Yes, you are correct! The correct answer to the series

$\sum_{n=0}^{\infty} \frac{(-1)^n}{n! \cdot 2^n}$

is indeed $\frac{1}{\sqrt{e}}$.

Here's the correct reasoning:

The series can be rewritten as:

$\sum_{n=0}^{\infty} \frac{(-1)^n}{n! \cdot 2^n} = \sum_{n=0}^{\infty} \frac{\left(-\frac{1}{2}\right)^n}{n!}$

This is the Taylor series expansion of the exponential function evaluated at $-\frac{1}{2}$:

$e^{-\frac{1}{2}} = \sum_{n=0}^{\infty} \frac{\left(-\frac{1}{2}\right)^n}{n!}$

However, because of the $(-1)^n$ factor, this can also be recognized as the series for $e^{-x}$ evaluated at $x = \frac{1}{2}$:

$\sum_{n=0}^{\infty} \frac{\left(-\frac{1}{2}\right)^n}{n!} = e^{-\frac{1}{2}}$

Thus, the series sums to $e^{-\frac{1}{2}}$, which is equivalent to:

$\frac{1}{\sqrt{e}}$

So the final correct value of the series is indeed $\frac{1}{\sqrt{e}}$.

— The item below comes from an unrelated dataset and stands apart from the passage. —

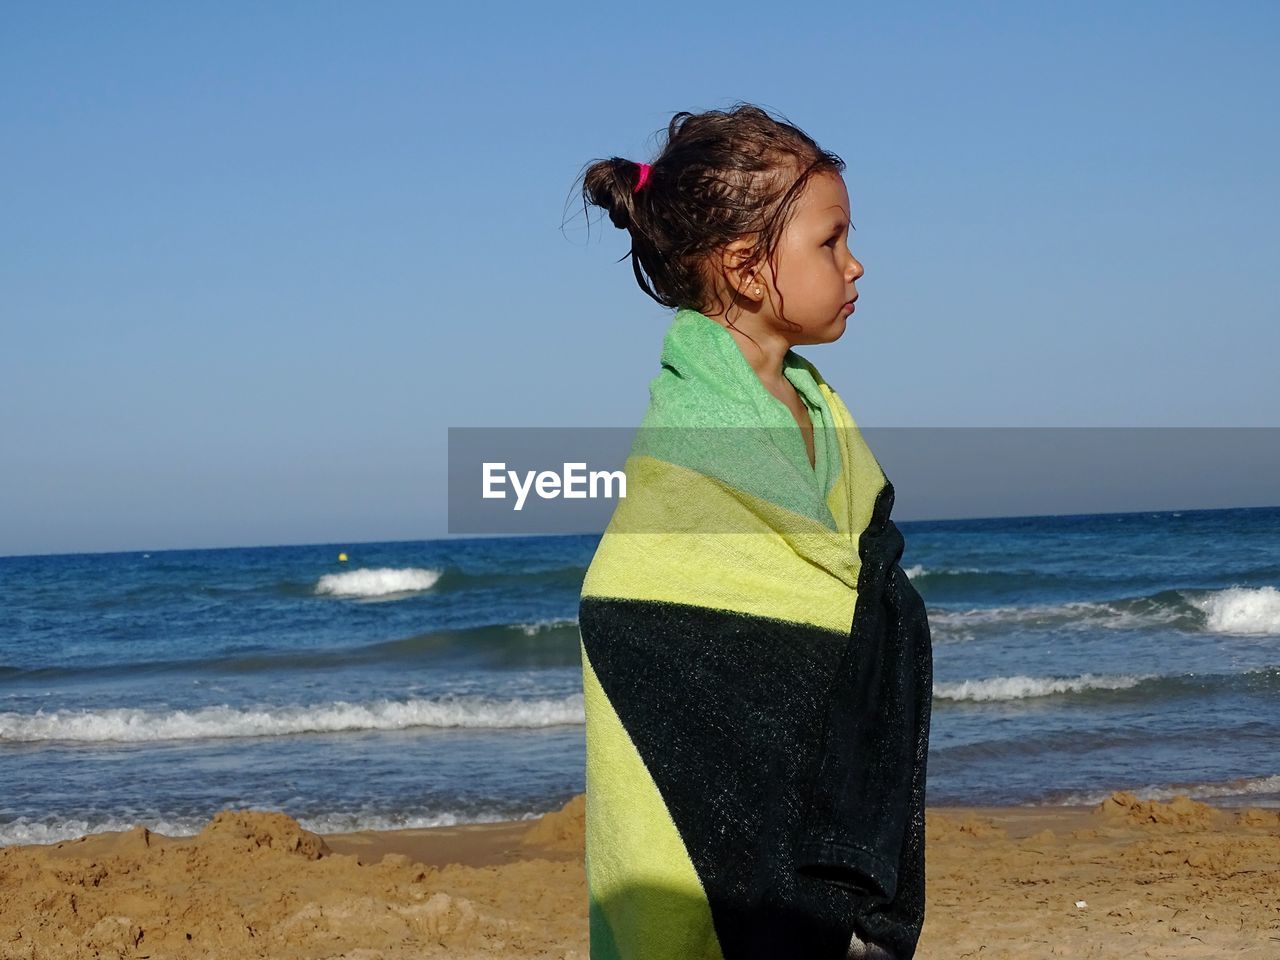 Cute girl wrapped in towel looking away while standing at beach against clear sky

Would you like to explore more details on how series expansions work or any other questions?

Here are some related questions:

1. How does the square root function impact the convergence of the series?
2. Can you generalize this result for other similar series?
3. What are some real-world applications of exponential functions like $e^{-x}$?
4. How can this series be derived directly from known series expansions?
5. What are the implications of the $\frac{1}{\sqrt{e}}$ result in probability theory?

Tip: Always check the form of a series against known expansions, like those of the exponential function, as it often simplifies the problem significantly.